It is always special when you find someone who whistles while they work. For Terry Graves, however, this is not work. This isn't a whistle.

"Looking over here to see what I can see," Terry Graves sings as he walks Hulman Links in Terre Haute.

While golfers try as best they can to stay out of the weeds, Graves gets lost in them.

"Oh, there's one," he says excitedly as he stoops to pick up a lost ball.

It's a hobby Graves started eight years and 58,977 golf balls ago - and it's catching on. The Golf Ball Drive to Support Our Military's mission is to collect new and used golf balls to be used by servicemen and servicewomen in rehabilitation exercises. Some hand-painted golf balls are also included with personal messages of love, hope and thanks to be distributed to Indiana National Guard and Active Duty Units serving in Indiana.

The golf balls and letters we saw during our Only in Indiana shoot will get shipped to Camp Atterbury, Camp Lejeune and Fort Bragg. Graves and other volunteers make sure they're delivered to troops, who can appreciate the messages of support.

"I am painting a golf ball to send to our troops who are defending our country," Katelyn Phillips, a seventh grader, shared.

At Shakamak Junior and Senior High School in Greene County, students are decorating them.

"It's not so bad. Just need to put some time into it and try not to shake," Phillips continued.

"I was like instantly I want to be a part of this. It made me happy that people want to help," Senior Cassidy Farris shared.

For every creative design, there is also a creative letter.

"I just want to say thank you for your service because you have decided to fight for our country and I am able to do the things I love," Braden Keller, a freshman, said.

"We love our troops. Thank you for everything. Remember this. Believe in yourself. Thank you for your service. You are the best people alive," seventh Grader Mahayla Baron read from another letter.

"By doing that, these kids are able to paint the golf balls and give them back to the troops and I kind of have a sense of pride that I am carrying on my fathers tradition," Heather Graves explained.

Heather's father may have started this, but since he has moved to North Carolina to enjoy retirement, his daughter has stepped in.

"I am tickled to death she is carrying it on," Terry Graves proudly declared And he is not alone. American Legion Post 104 and the Ladies Auxiliary in Terre Haute are glad as well.

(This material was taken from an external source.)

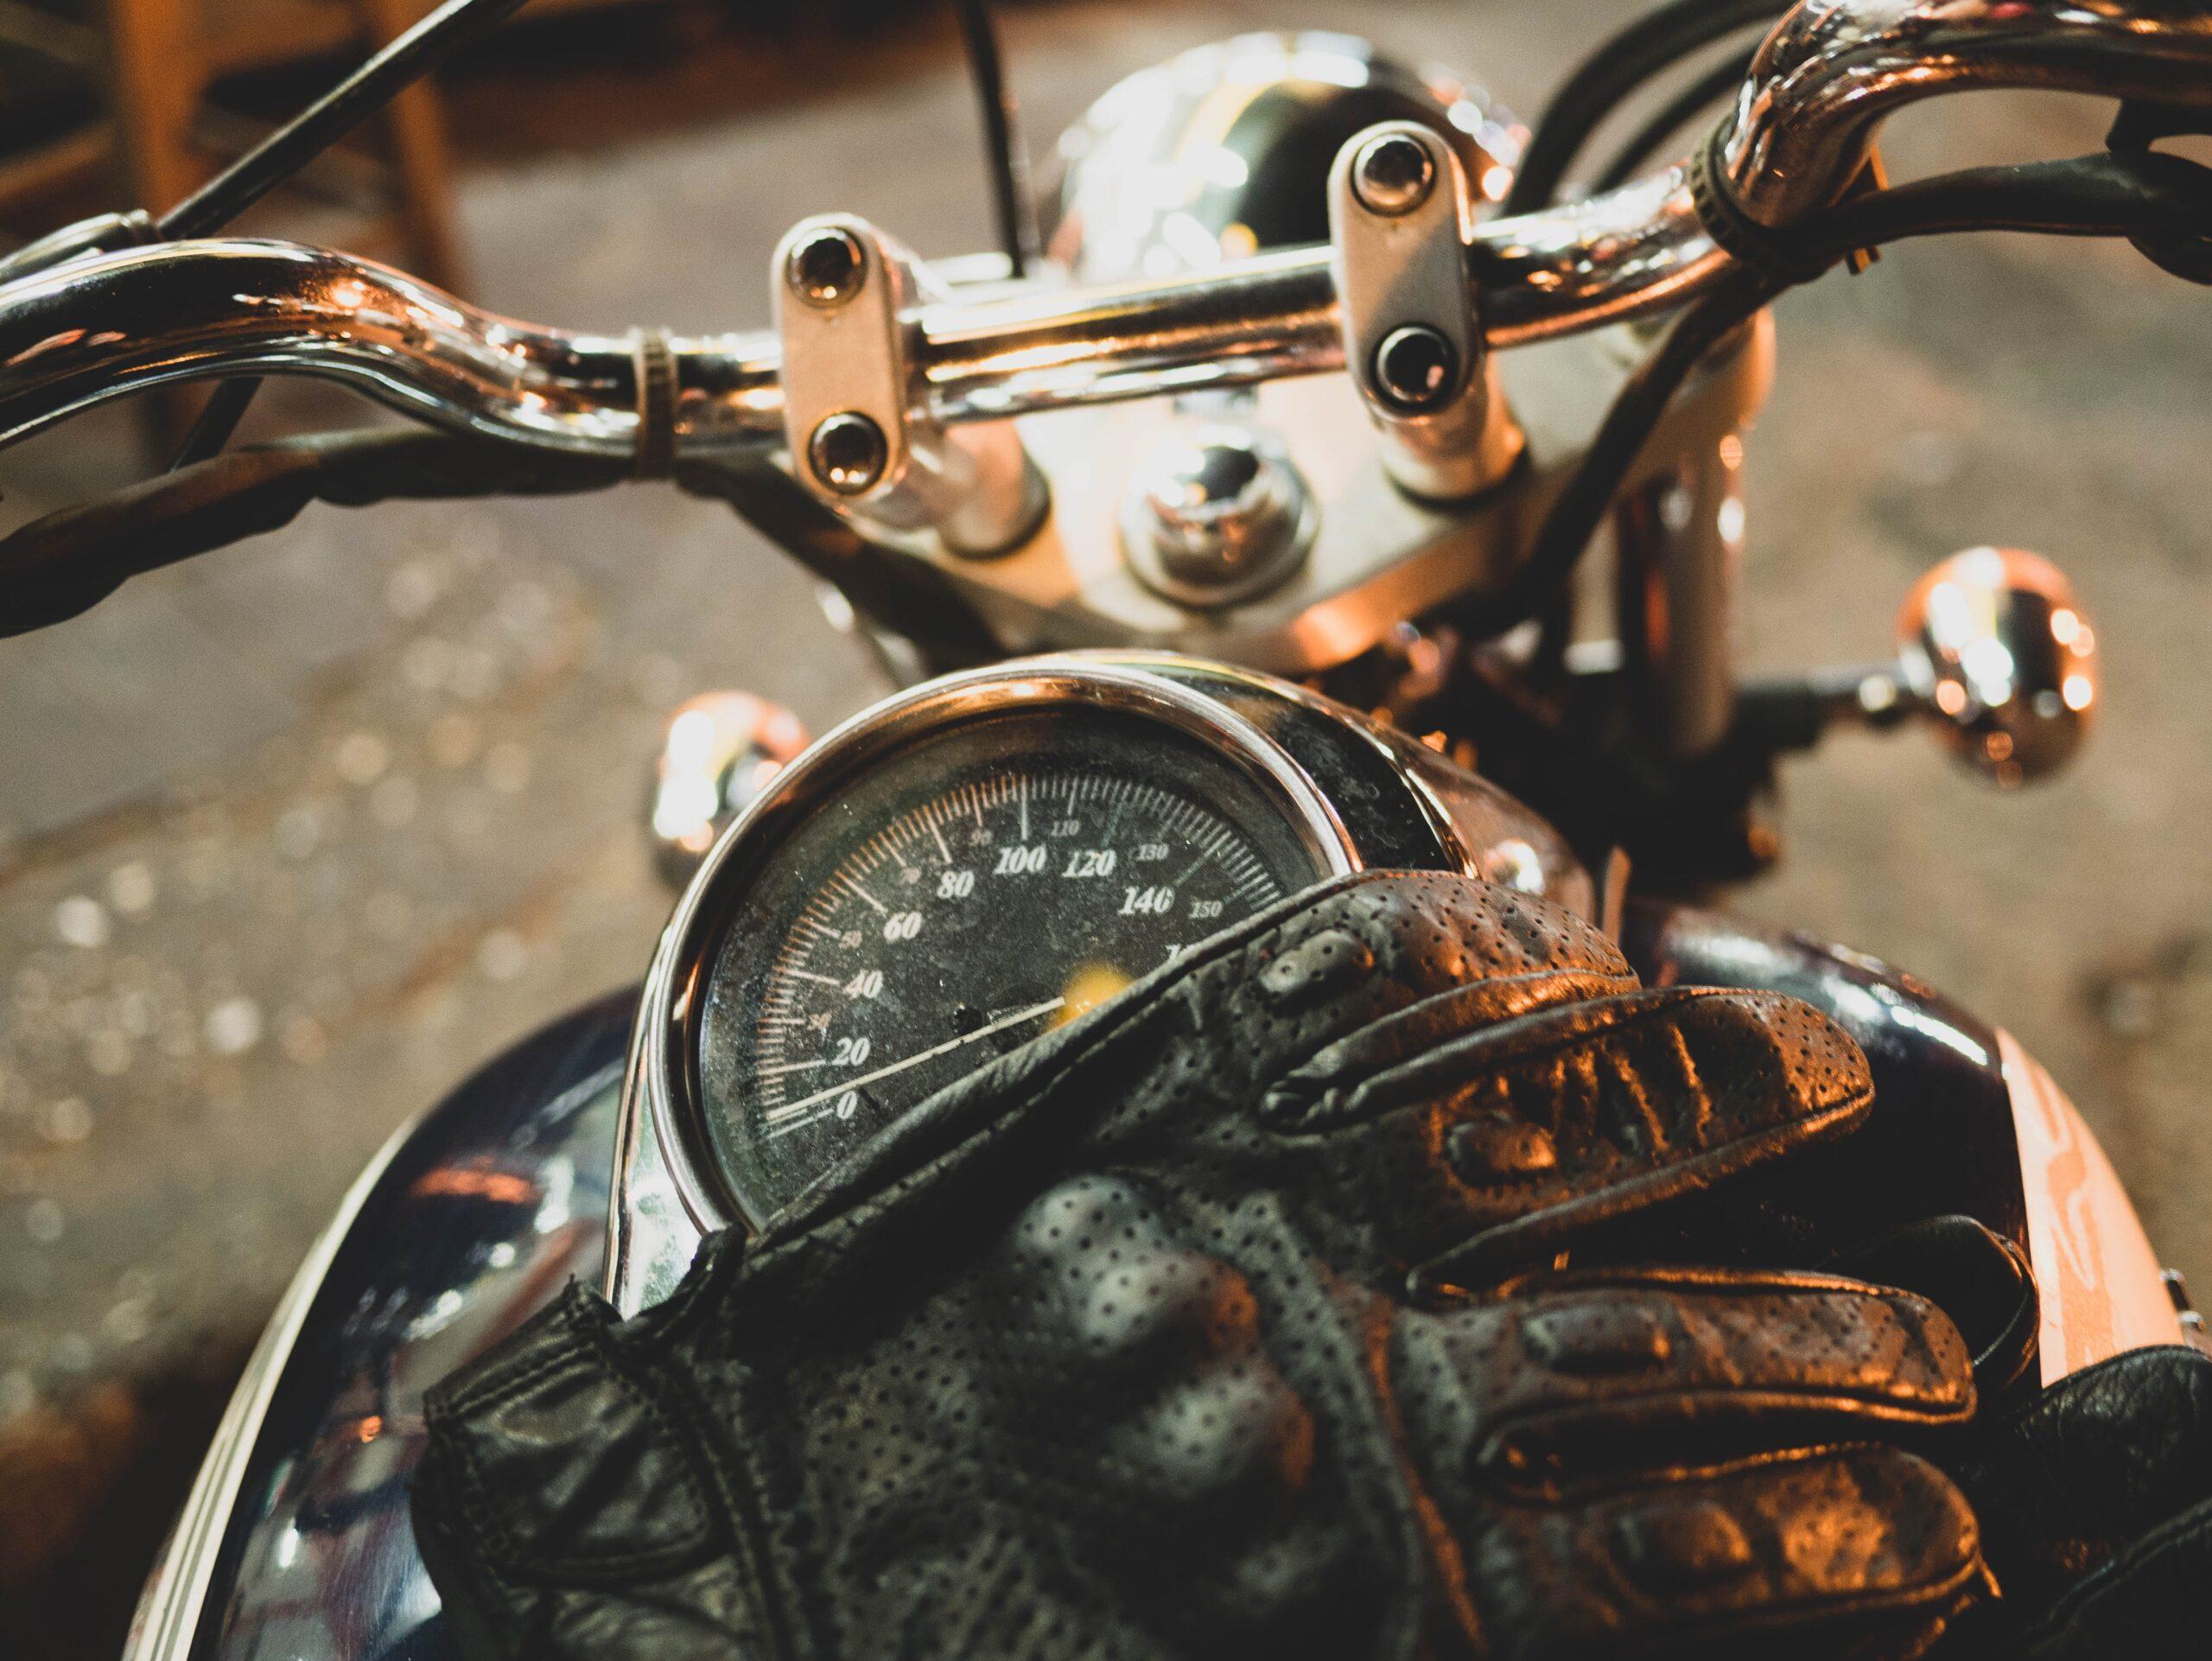 Guantes motos Valencia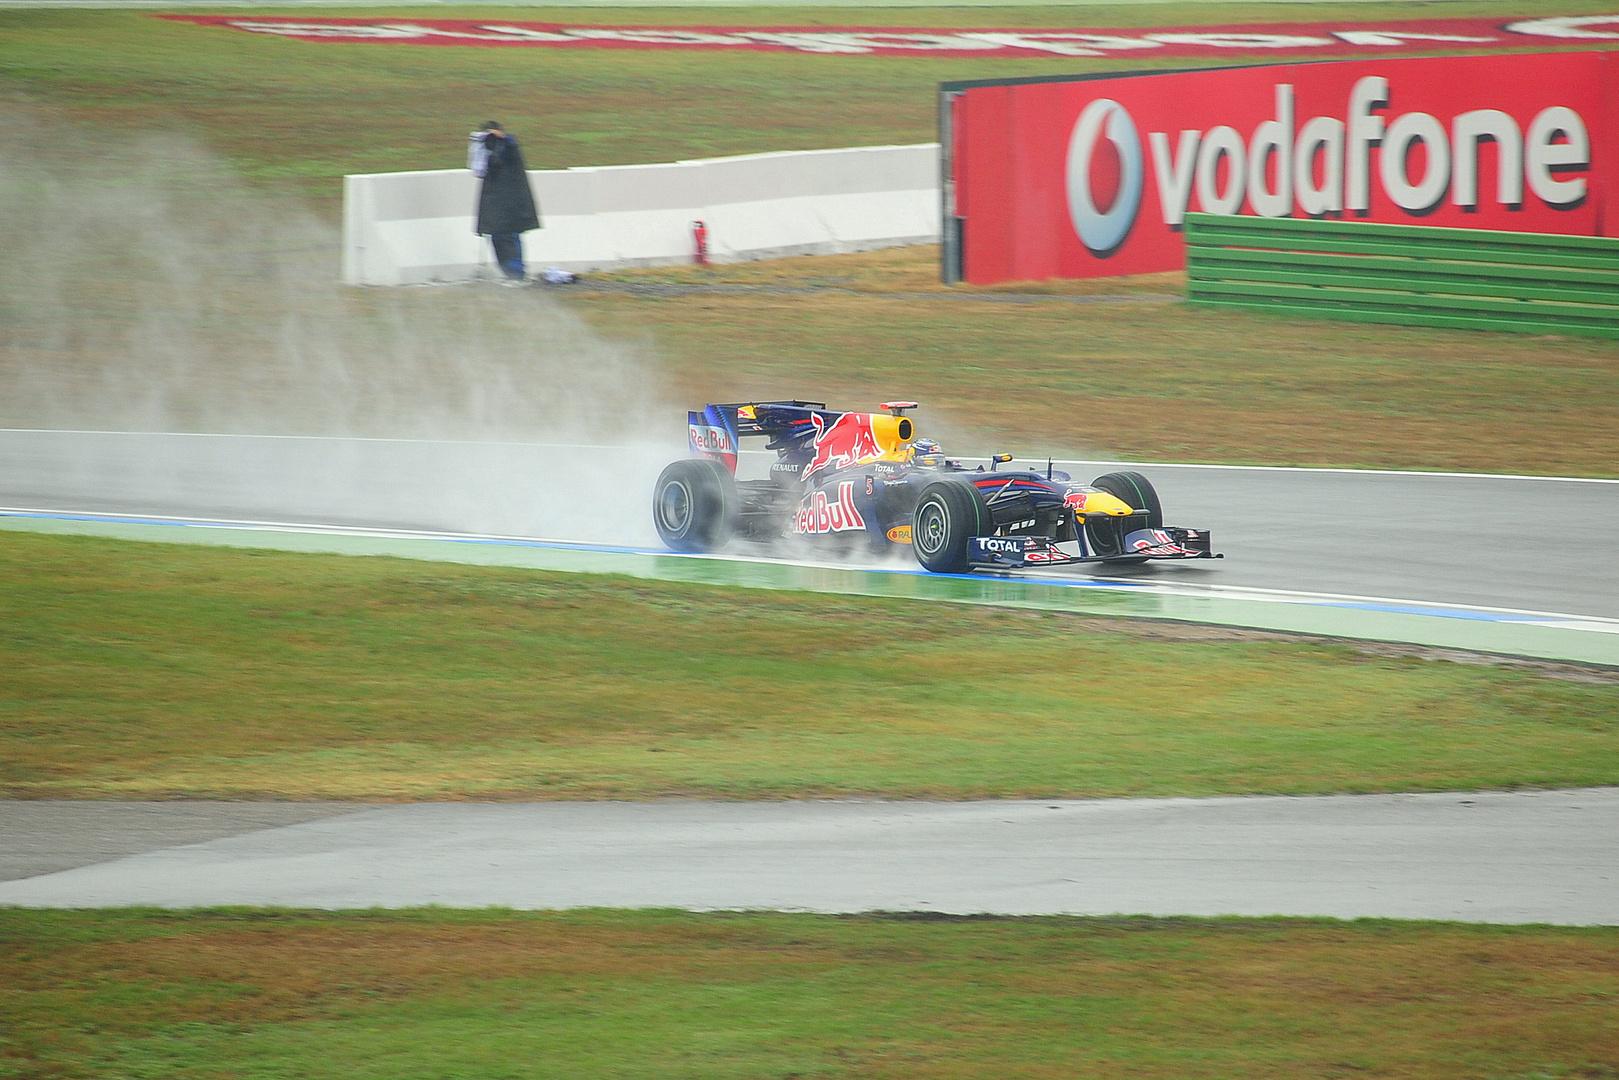 Hockenheimring 2010 (4)

"18-year-old kid who should be playing football is picking up the pieces of other 18-year-old kids, so it will all be worth it if we can save one life to keep him from committing suicide. That will be well worth it," veteran Jim Sullivan shared.

So they presented the Graves with a little donation.

"There is over 3,900 balls and 30 clubs," John Bones from Hulman Links revealed.

This is what volunteering is supposed to look like.

"Everybody look at me and say cheese," Heather Graves yelled as she prepared to take a picture of the group.

But sometimes you can't always see who is helping you out, like a collection amassed at Baesler's Supermarket in Vigo County.

"It's unbelievable everyday how many people are bringing in golf balls and supporting our troops," Casey Baesler manager of the Terre Haute store said.

Two grocery carts and a barrel full, to be exact.

"Definitely more than three or four hundred," Kristie O'Hare from Baesler's added.

Tracy Conklin works for Baesler's and her son Dorian even benefited by the program. Proudly displaying one of the golf balls while serving in Latvia.

"It meant a lot and it come from home so it's nice," Tracey Conklin who also works at Baesler's shared.

So just think, this avalanche began with one person and one golf ball.

Now the Graves are starting to gather golf balls for the next shipment.